You enter the door in the corner of the dining room and find the kitchen. Apart from its size, there's nothing too notable about the room. Some [Cabinets]cabinets, an oven, a microwave, a collection of kitchen knives, a refrigerator, pig carcasses hanging from the ceiling, just your normal average every day kitchen.

Where would you like to go next? [OPTIONS]


{Cabinets}
You decide to look around the kitchen cabinets. Nothing too noteworthy. Plates, silverware, cups, a spider's nest, a jar full of Fruit Rollups, absolutely ordinary. You do notice a line of seven blue and white teacups. From left to right, each teacup is slightly bigger than the last, sort of like Matryoshka dolls.

Where would you like to go? [OPTIONS]


{Infirmary}
You enter the infirmary. In the center of the room is a doctor’s chair, complete with disposable pillow and paper covering. To the right are shelves full of medical supplies. To the left are... cosmetics? It reminds you of the makeup aisles in department stores. Frankly, it seems out of place in a room the looks like a doctor’s office.

Where would you like to go? [OPTIONS]


{Movie theater}
You enter the movie theater. Instead of cheap, plastic, fold-up chairs, this theater had large, couch-like armchairs, each with individual armrests that you no longer had to awkwardly share with the person next to you.

You notice a movie schedule beside a seat. It has seven columns, with the headers "Murderer Monday, Terrifying Tuesday, Wacky Wednesday, Action Thursday, Foreign-Film Friday, Short-Film Saturday, and Saucy Sundays.” It’s Sunday today. You don’t really feel like watching a “saucy” movie, so you decide to leave.

Where would you like to go? [OPTIONS]


{Electronics room}
You enter the electronics room. Large, complicated-looking desktops line the wall on your right. A large vent above you takes up half of the ceiling. In front of you sits a large maroon couch, with an even larger flat screen TV. In front of the TV are several game consoles with controllers placed atop them. To your left is a large shelf with numerous games in their cases, ordered alphabetically by name with their spines out. You also notice a door in the corner with a fancy control panel beside it.

Where would you like to go? [OPTIONS]

-{VR Chamber}
You approach the door in the corner of the room. Tugging at the door, you find that the door is locked.

"THAT'S THE VIRTUAL REALITY CHAMBER," The Mastermind shrieks behind you. You jump, startled. He seems to have come out of nowhere, which is a bit weird since you were sure you didn't hear the door open behind you.

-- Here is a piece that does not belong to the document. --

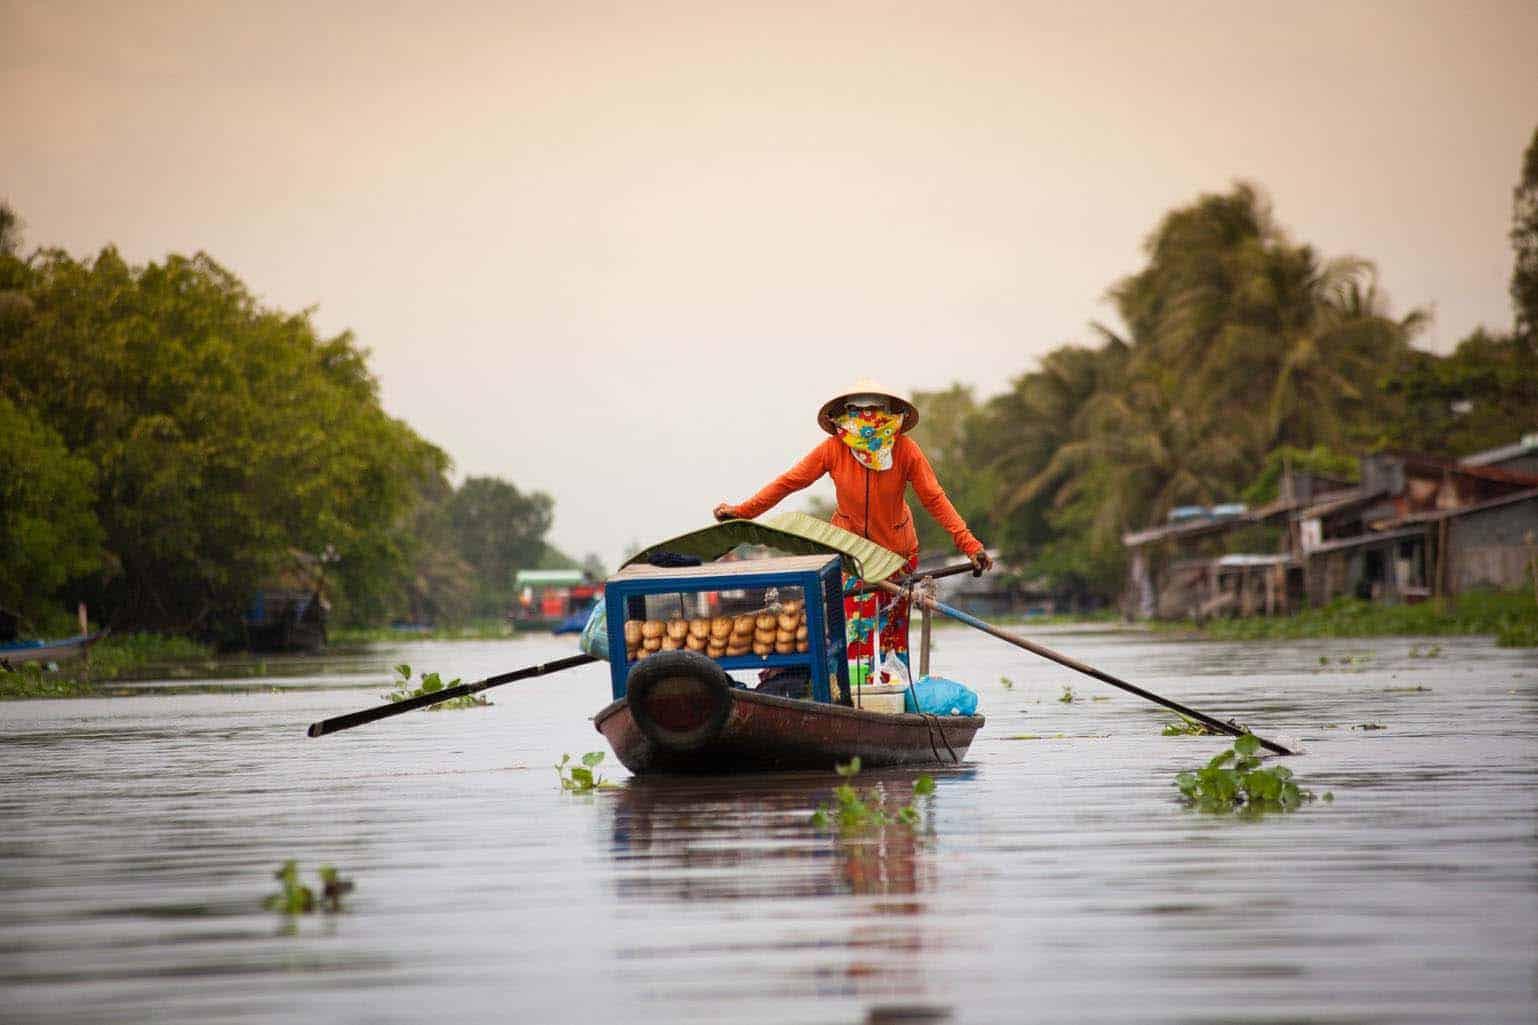 Deep into the Mekong
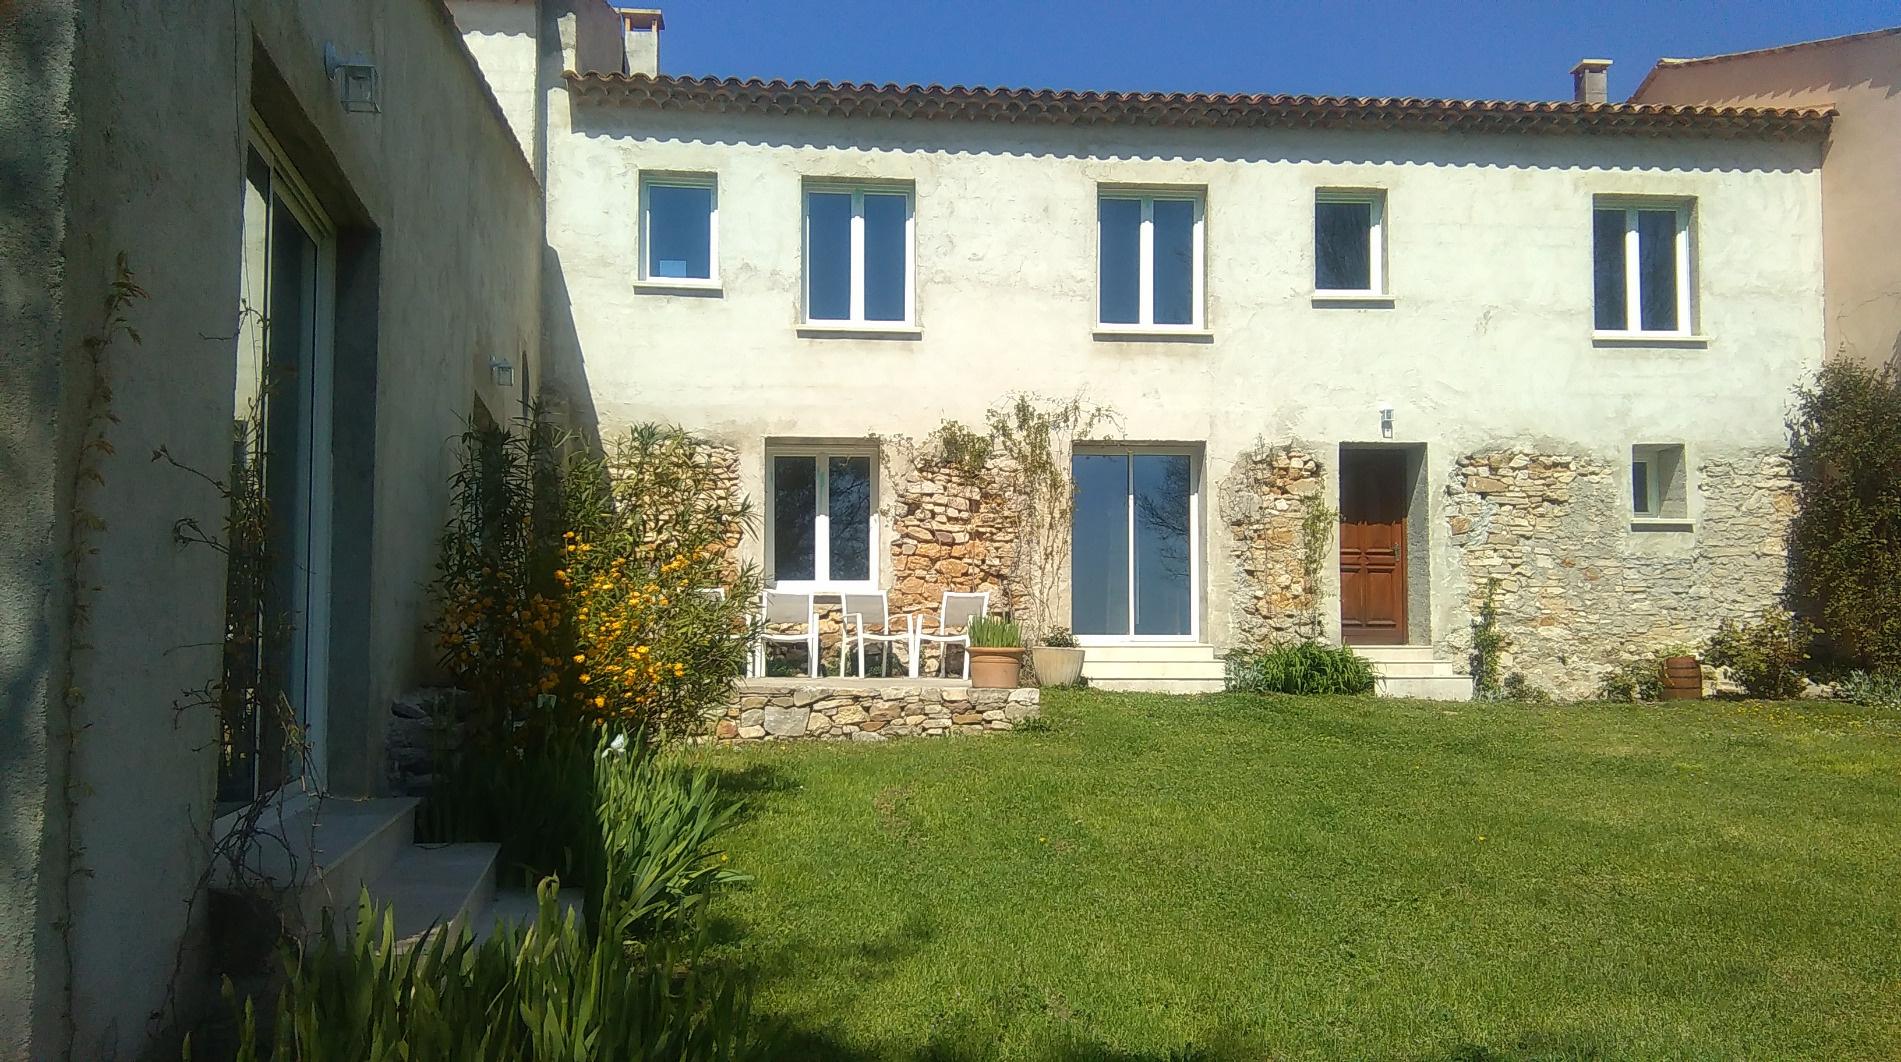 Vente maison/villa 10 pièces st martin les eaux 04870

The Mastermind pushes you aside and stands in front of the Virtual Reality room's door. He faces you and leans one elbow on the control panel beside the door.

"This bad boy lets you choose from several MILLION preset simulations and even lets you write custom ones. Every one of the simulations feels 100% realistic and integrates all five of your senses. You can live out any scene, any scenario, any fantasy you want with no risk of death. Just uh..." A look of disgust briefly appeared on The Mastermind's face. "Clean up after yourself."

A cloud of smoke suddenly materialized around The Mastermind, dissipating just as quickly as it appeared. When the smoke cleared, The Mastermind is nowhere to be found.

You look at the control panel. You consider using the VR room, but decide against it after realizing you still have a sizable portion of the house to explore.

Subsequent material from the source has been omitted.